Chào các bạn! Vì nhiều lý do từ nay Truyen2U chính thức đổi tên là Truyen247.Pro. Mong các bạn tiếp tục ủng hộ truy cập tên miền mới này nhé! Mãi yêu... ♥

Bab 19 - [Penampakan Kedua]

Bahagia tak terkira, status Iby dengan Theo sekarang sudah jelas menjadi pasangan. Hatinya terasa begitu berbunga dengan rentetan kejadian bahagia yang membuat dia dan Theo semakin dekat. Iby bertingkah seperti anak kecil yang baru saja mendapatkan mainan baru.

Terlebih saat dia berada di kamar. Burung-burung yang melihatnya pun akan heran. Kelakuan aneh, tersenyum dan tertawa sendiri, bahkan Iby menaiki tempat tidurnya dan melompat-lompat di atas sana.

Sore tadi, dia bersenang-senang. Jalan-jalan berdua dengan Theo, menikmati pemandangan malam, dan ... makan bersama di tepi jalan. Kesenangan yang tak pernah ia dapatkan dengan siapa pun, kecuali bersama keluarga.

Baru kali ini, dia bisa jalan berdua dengan orang yang ia sukai, tanpa harus dikawal dan kabur dari rumah.

"Kak Theo ... mimpikuu ... huaaaaa!" teriak Iby semakin gembira.

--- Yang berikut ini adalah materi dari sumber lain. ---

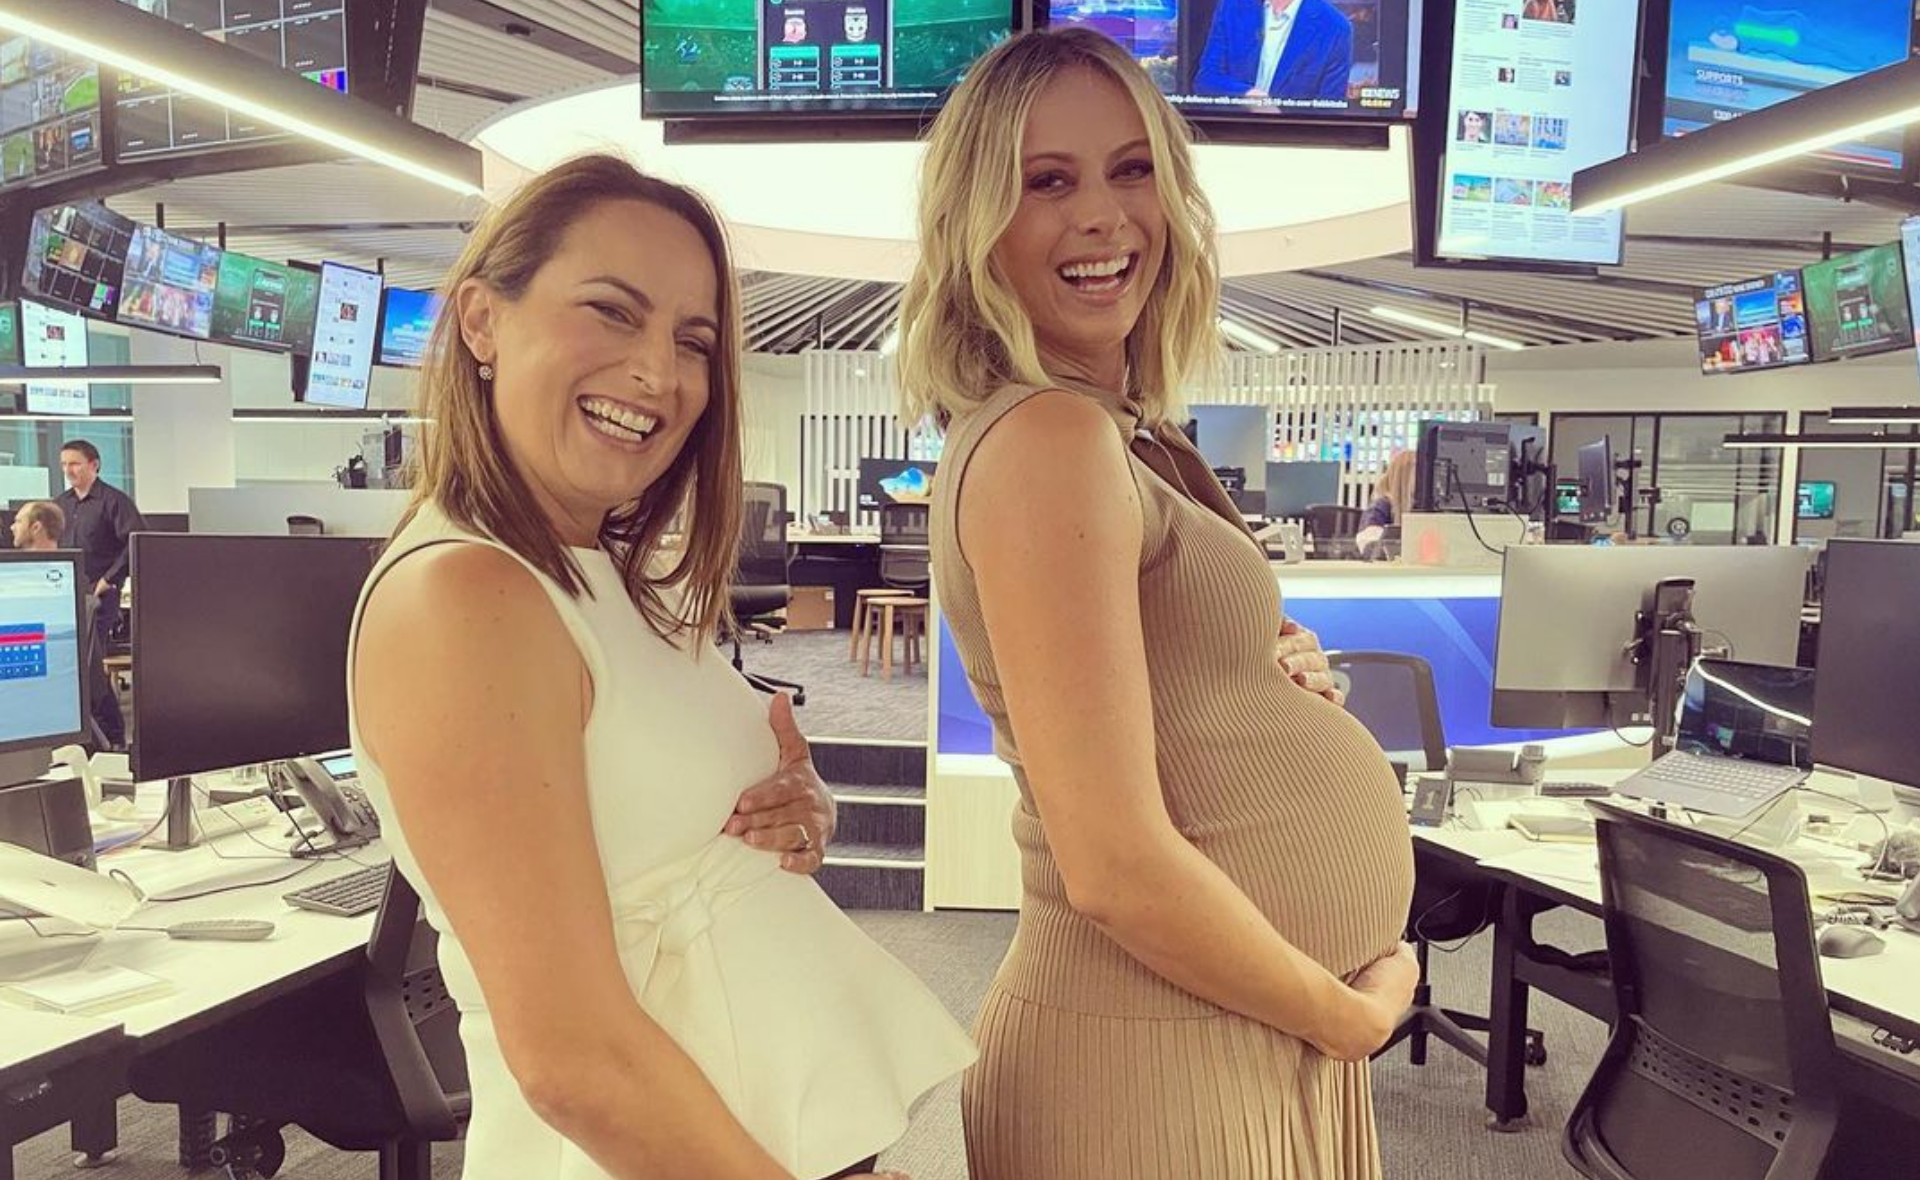 Work-wives Jayne Azzopardi and Sylvia Jeffreys mark a special milestone as they both prepare to welcome baby boys

Dia mengambil HP-nya yang berada di dalam saku. Kemudian membukanya, dan melihat apa saja yang ia kunjungi bersama Theo tadi. Makanan tepi jalan, taman, dan masih banyak lagi.

Foto kebersamaannya bersama Theo menjadi kenangan terindah Iby untuk saat ini.

Akan tetapi, dia menemukan sesuatu yang aneh lagi. Tepat di toko es krim yang ia kunjungi, saat berfoto bersama Theo. Dia melihat motor yang tak asing terparkir di sana. Benar, itu motor Galih, dan bahkan plat nomornya juga sama.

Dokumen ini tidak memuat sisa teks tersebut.